2つ目は、最後の20番目の行列である「弓箭組列」です。この行列は、桓武天皇が遷都をした際、天皇の御列の警備にあたったともいわれ、その子孫は明治維新の際、西園寺公望ひきいる山陰鎮撫の任に携わったとも伝えられ弓箭組を模した行列です。お供の人々は引立烏帽子(ひきたてえぼし)に直垂(ひたたれ)を着け、太刀を差し弓箭をたずさえ、時代祭創設当初より御祭神(現在は桓武・孝明両天皇)の警護役を担っています。

※「時代祭」に関する解説は、平安神宮のホームページの中に掲載されている「時代祭」に関する記事(http://www.heianjingu.or.jp/festival/jidaisai.html)(最終閲覧日:2022年1月6日)を参考としています。

西園寺文庫に見る「山国隊」

では、なぜ、これらの二つの行列(「山国隊」や「弓箭組」)と本学西園寺文庫との関わりがあるのでしょうか。

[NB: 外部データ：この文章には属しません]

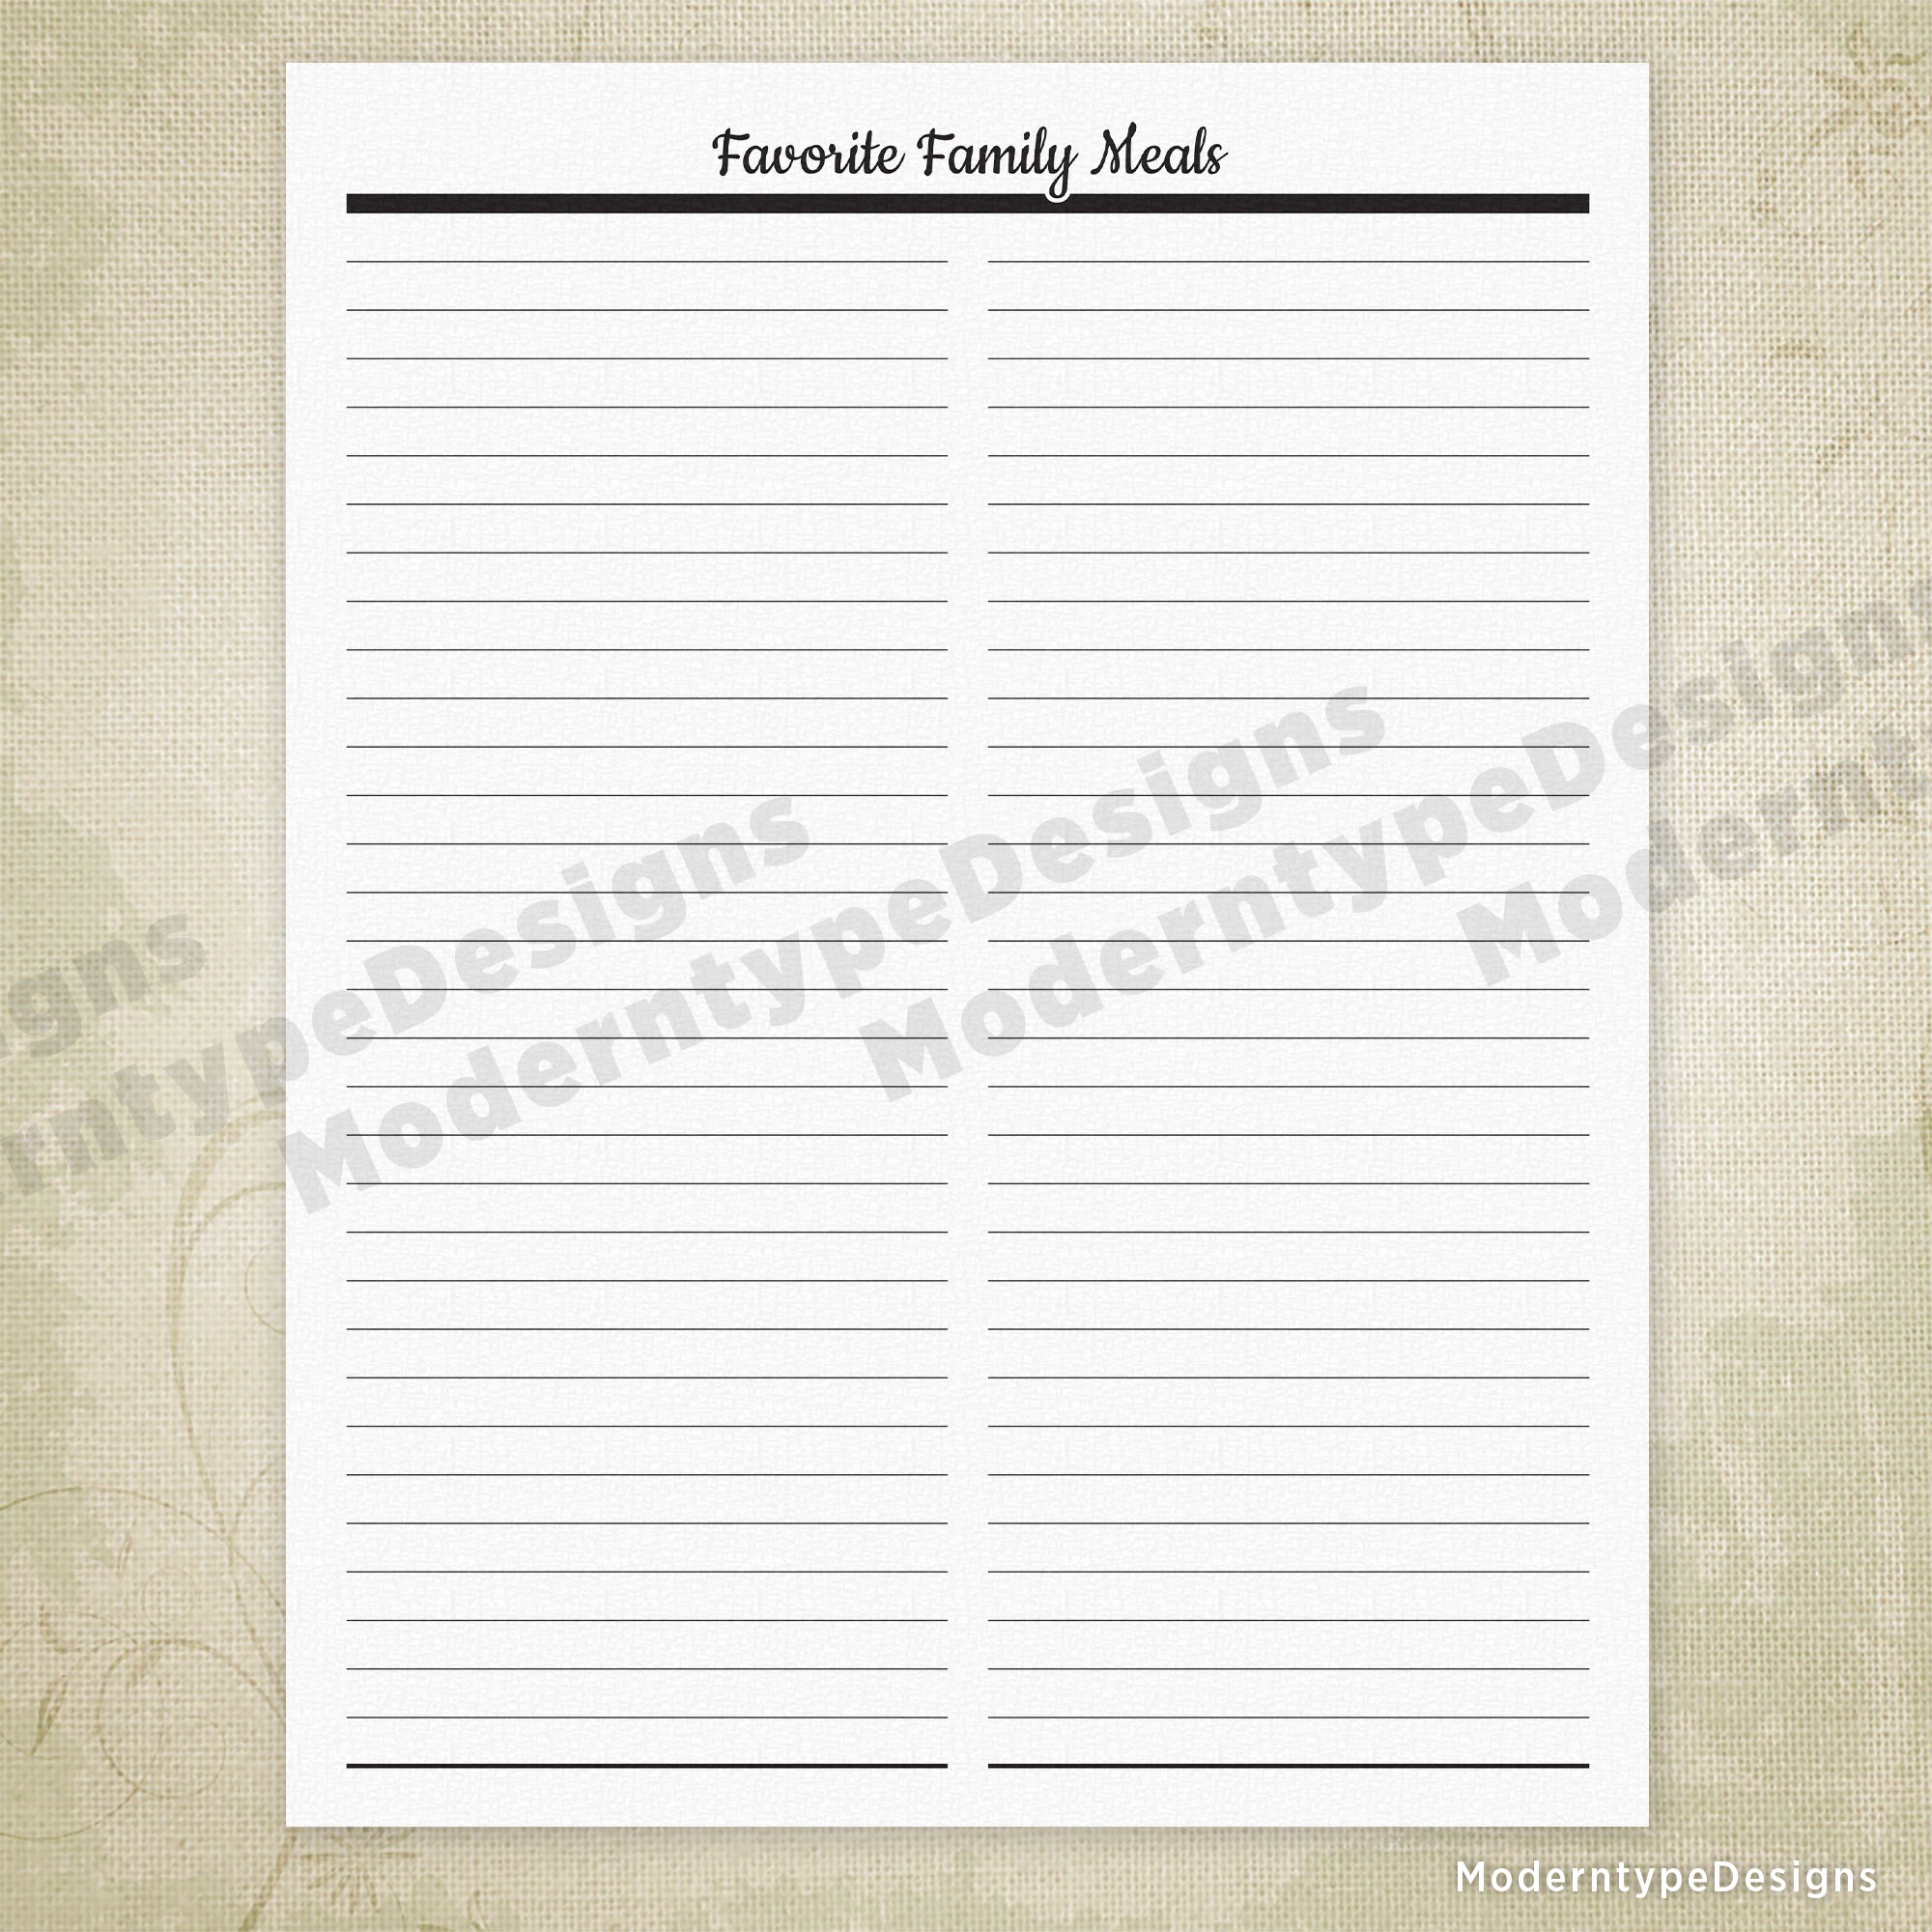 Favorite Family Meals Printable

「山国隊(維新勤皇隊)」は慶応4(1868)年1月6日、馬路村(現・亀岡市馬路)と同じ旗本杉浦氏の智業地である山国(現・京都市右京区京北)にも西園寺公望を総督とする山陰道鎮撫使の檄文が届き、その要請に応じ鎮撫使に合流しようとします。しかしながら桑田・船井郡の弓箭組とは別の運命をたどることになりました。隊は勤皇の意志を認められ、岩倉具視に「山国隊」と命名され、因州藩(鳥取藩)に属して東征に参加、2月13日に京都を出発して、東山道軍先発隊に合流し激戦地を転戦します。従軍中には、官軍であることを示しました。肩員や錦布れ、陣中装束、「魁」の前立がついた黒毛陣笠、ミニエー銃などが配布・貸与され、西洋兵学の部隊指揮のため、行進曲など鼓笛軍楽を修得しました。山国隊は、3月の甲州勝沼の戦い(山梨県)、4月の野洲安塚の戦い(栃木県)、10月の奥州仙台(宮城県)を転戦し戦闘任務を終え、11月に東征大総督(有栖川宮熾仁親王)とともに京都へ凱旋、明治2(1869)年2月18日に故郷山国に帰郷します。約1年の間に7名の戦病死者を出し、出兵中の費用は自費自弁であったため、莫大な借金を背負うことになりました。

以下で示した地図は、「山国隊」が転戦した経路を示した略図で、この地図からも分かるように、この隊が明治維新期にいかに多くの戦いに関わったかといったことが分かります(亀岡市文化資料館が2018年2月3日から3月11日まで開催した『第63回企画展 山陰道鎮撫隊-丹波の郷士と幕末維新』の図録より)。

「山国隊転戦経路略図」

慶応4(1986)年1月11日に山国五社明神を出発してから同月18日の山国隊の誕生に至るまでの「東軍」の転戦経路は省略。
【出典】仲村 研(1994)「山国隊」中央公論社(平井嘉一記念図書館ほか1館で所蔵)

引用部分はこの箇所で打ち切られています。